How Hyde is changing development
We are being more innovative with our development programme.
What is clear is that now is the time for greater collaboration between housing associations and the public and private sectors to tackle the barriers to making land (such as that owned by Homes England, Transport for London, Network Rail and the NHS) available for affordable homes.
Over the past twelve months, we have finalised a number of innovative partnerships with Brighton and Hove City Council, with Barratt London in Harrow and with a private housebuilder in Kent. We have also joined forces with three other housing associations to create Evera Homes; a collaborative development vehicle for the Cambridgeshire and Peterborough region. Between them, these projects will deliver many thousands of homes over the next decade.
In July Hyde was named as one of just eight housing associations to form a strategic partnership with Homes England, in a move that will deliver 14,280 additional homes for people priced out of the market.
We have been awarded grant funding worth £95.4 million enabling us to build 1,623 affordable homes for those who really need them. Because we already own or are under contract on the vast majority of the land needed to supply these new homes, we can confidently deliver this programme enabling us to fulfil our promise to provide homes for people in the south east of England.
We are being smarter about how we manage all our assets
As a responsible landlord, we review our property portfolio regularly, to ensure that it continues to best meet residents’ needs. So, when a property becomes empty, we will ensure it is of the standard we and our residents expect from a modern home. For example, we will check that it is economical to heat; that it meets modern energy efficiency expectations and that it is cost-effective to repair and keep in good condition.

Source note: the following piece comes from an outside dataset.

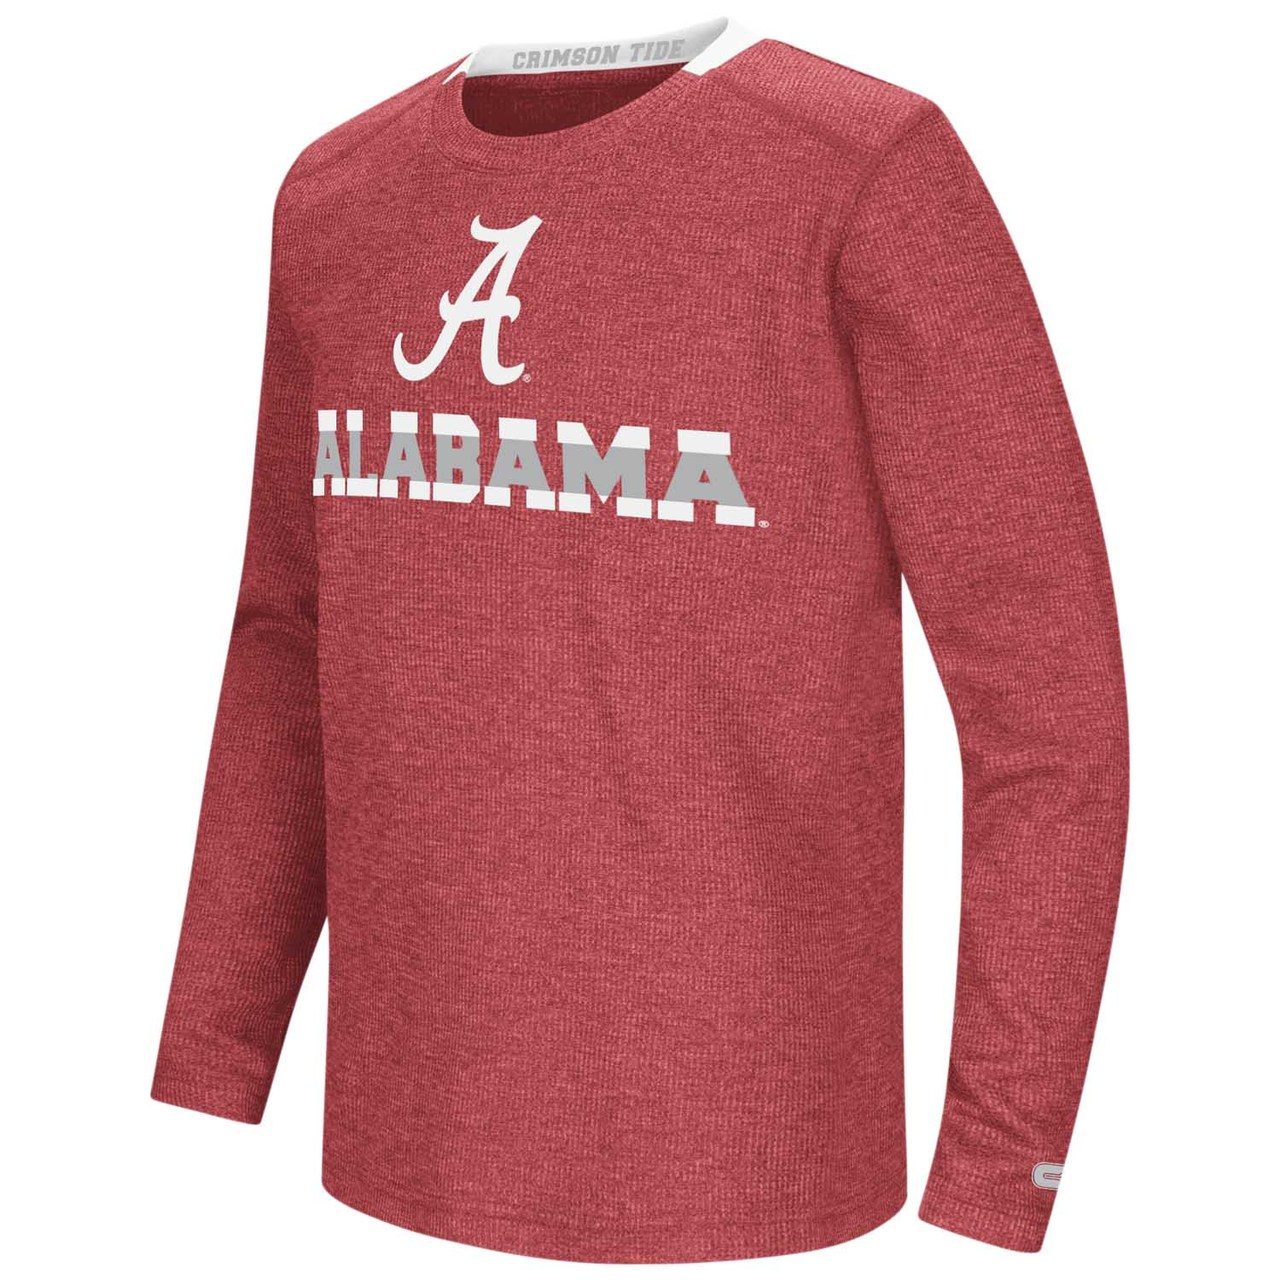 Alabama Crimson Tide Youth NCAA Steff Long Sleeve T-Shirt  - Team Color

We look to sell homes not meeting these criteria, using the money to re-invest in building affordable homes that are more suitable, more efficient and easier to maintain – for both us and our residents.
We are also proactively examining the inherent opportunities in our 2,000+ garages, ancillary land and non-core commercial properties.
The Hyde Group Finance Director Peter Denton said:
“Over the past 15 years, housing associations, Hyde included, have moved from an environment of generous grant funding and stable rent uplifts to one where rent increases have fallen away and new homes are often funded through surpluses from building homes for sale. But, with Brexit six months away, it is no longer prudent to rely on a stable housing market as the only way of funding more affordable homes in London and the south east.
“Grants, traditional borrowing and cross-funding remain important but further innovation, such as a combination of joint ventures, better strategic asset management, investment and property management, effective cross-subsidy, alongside debt from third parties and innovative support structures from government and local authorities, is needed, if we are to build at the scale required.
“The challenge is on for housing associations to adapt once again, to ensure they deliver the supply of new homes the country needs and, through initiatives such as our social value work, explain why they are needed.
“We are determined that Hyde will be at the forefront of that adaptation and our performance in the last year is testament to that.”